[Dataset entries]:
---

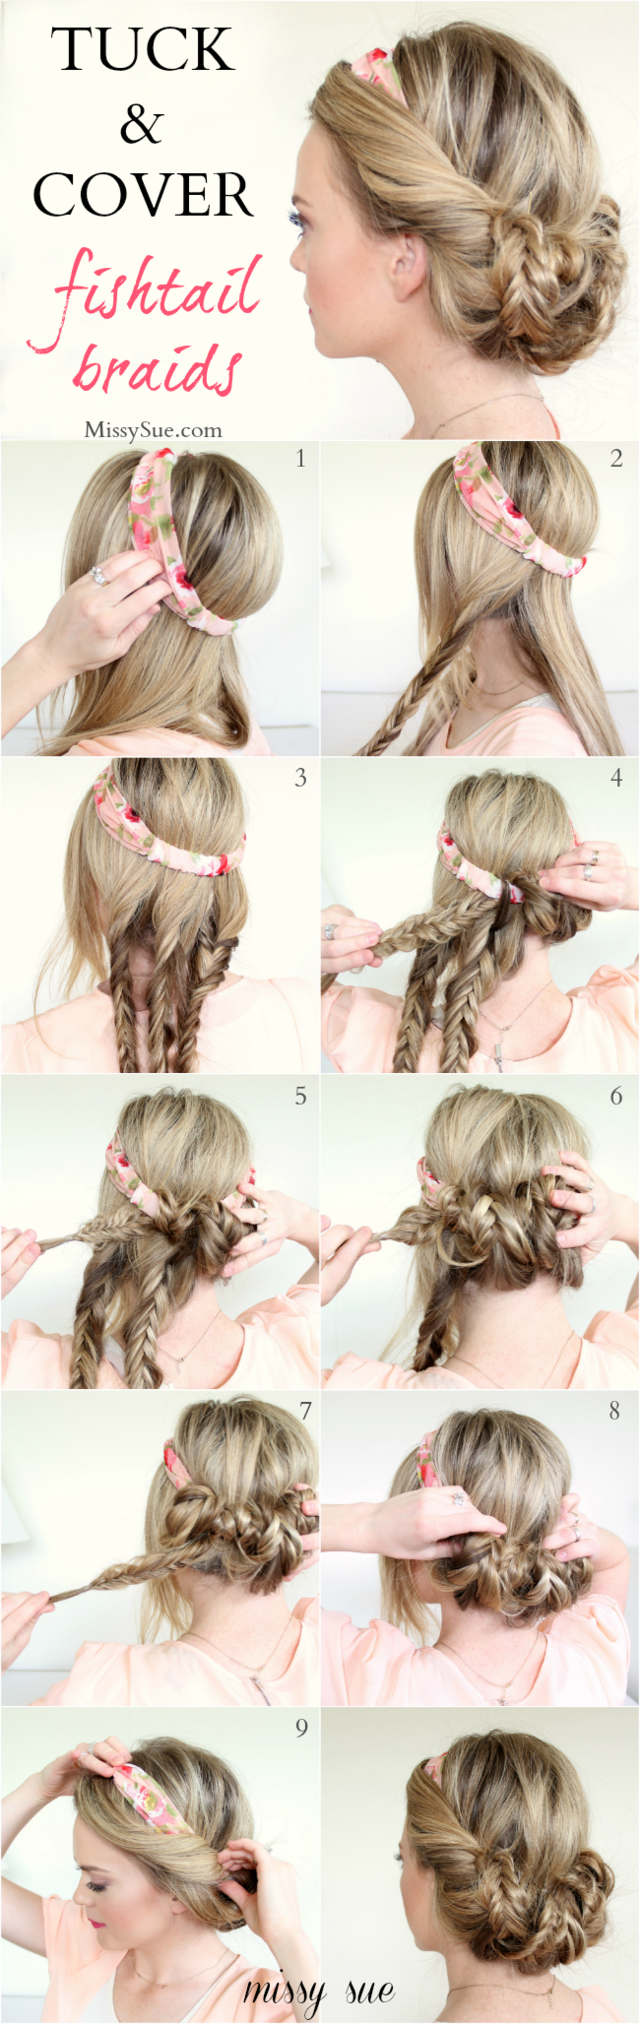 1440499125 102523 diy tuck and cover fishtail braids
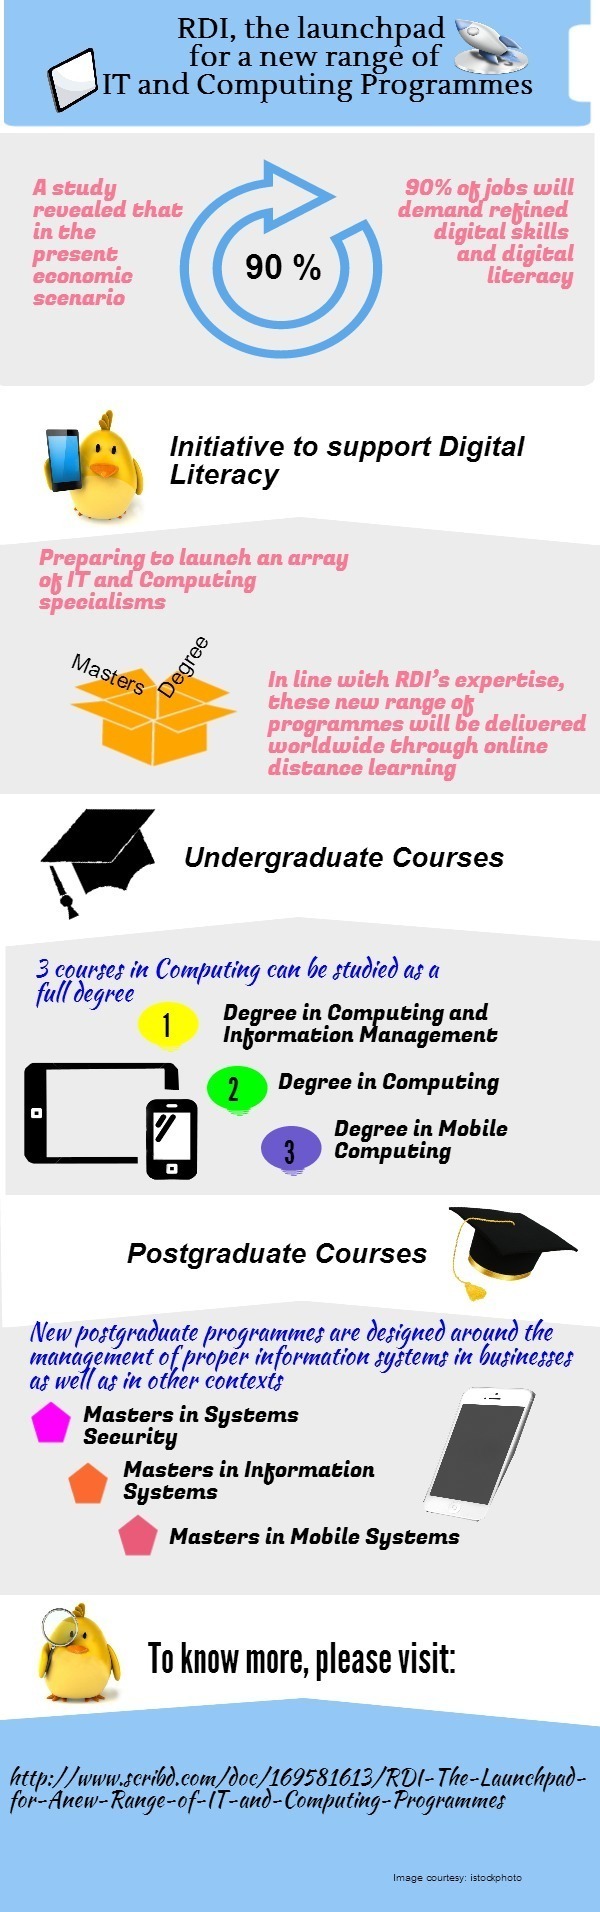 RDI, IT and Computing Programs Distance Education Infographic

---

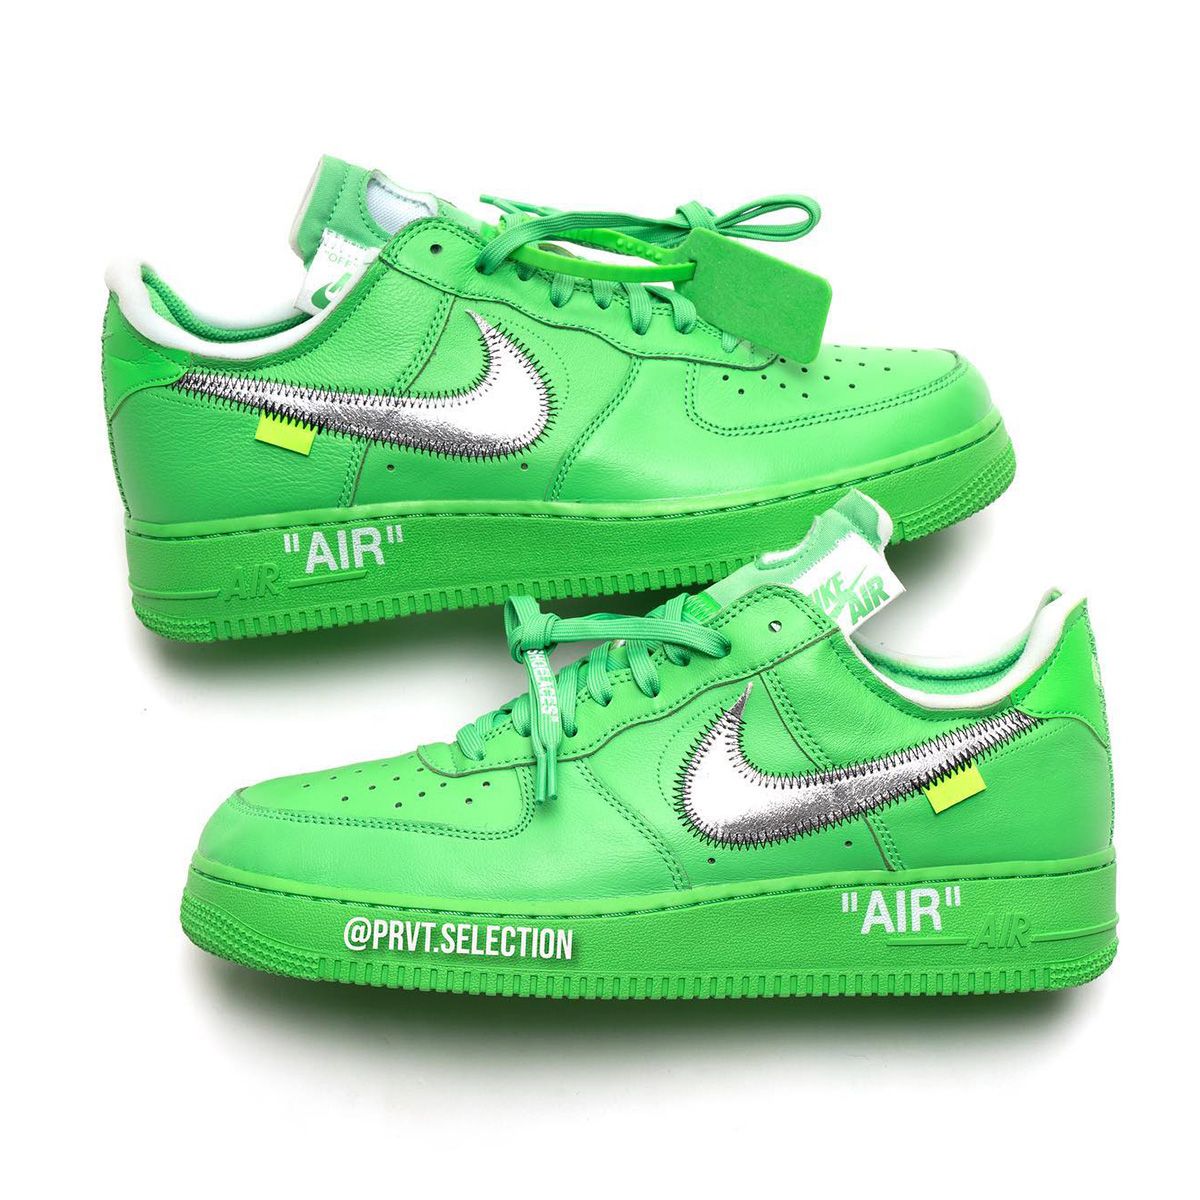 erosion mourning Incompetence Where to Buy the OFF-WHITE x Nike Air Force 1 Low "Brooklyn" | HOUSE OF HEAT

---

[Your objective]:
Drop the pictures; return the lines above from the line containing "1440499125 102523 diy" to the line containing "RDI, IT and", both included, exactly.

[Solution]:
 1440499125 102523 diy tuck and cover fishtail braids
 RDI, IT and Computing Programs Distance Education Infographic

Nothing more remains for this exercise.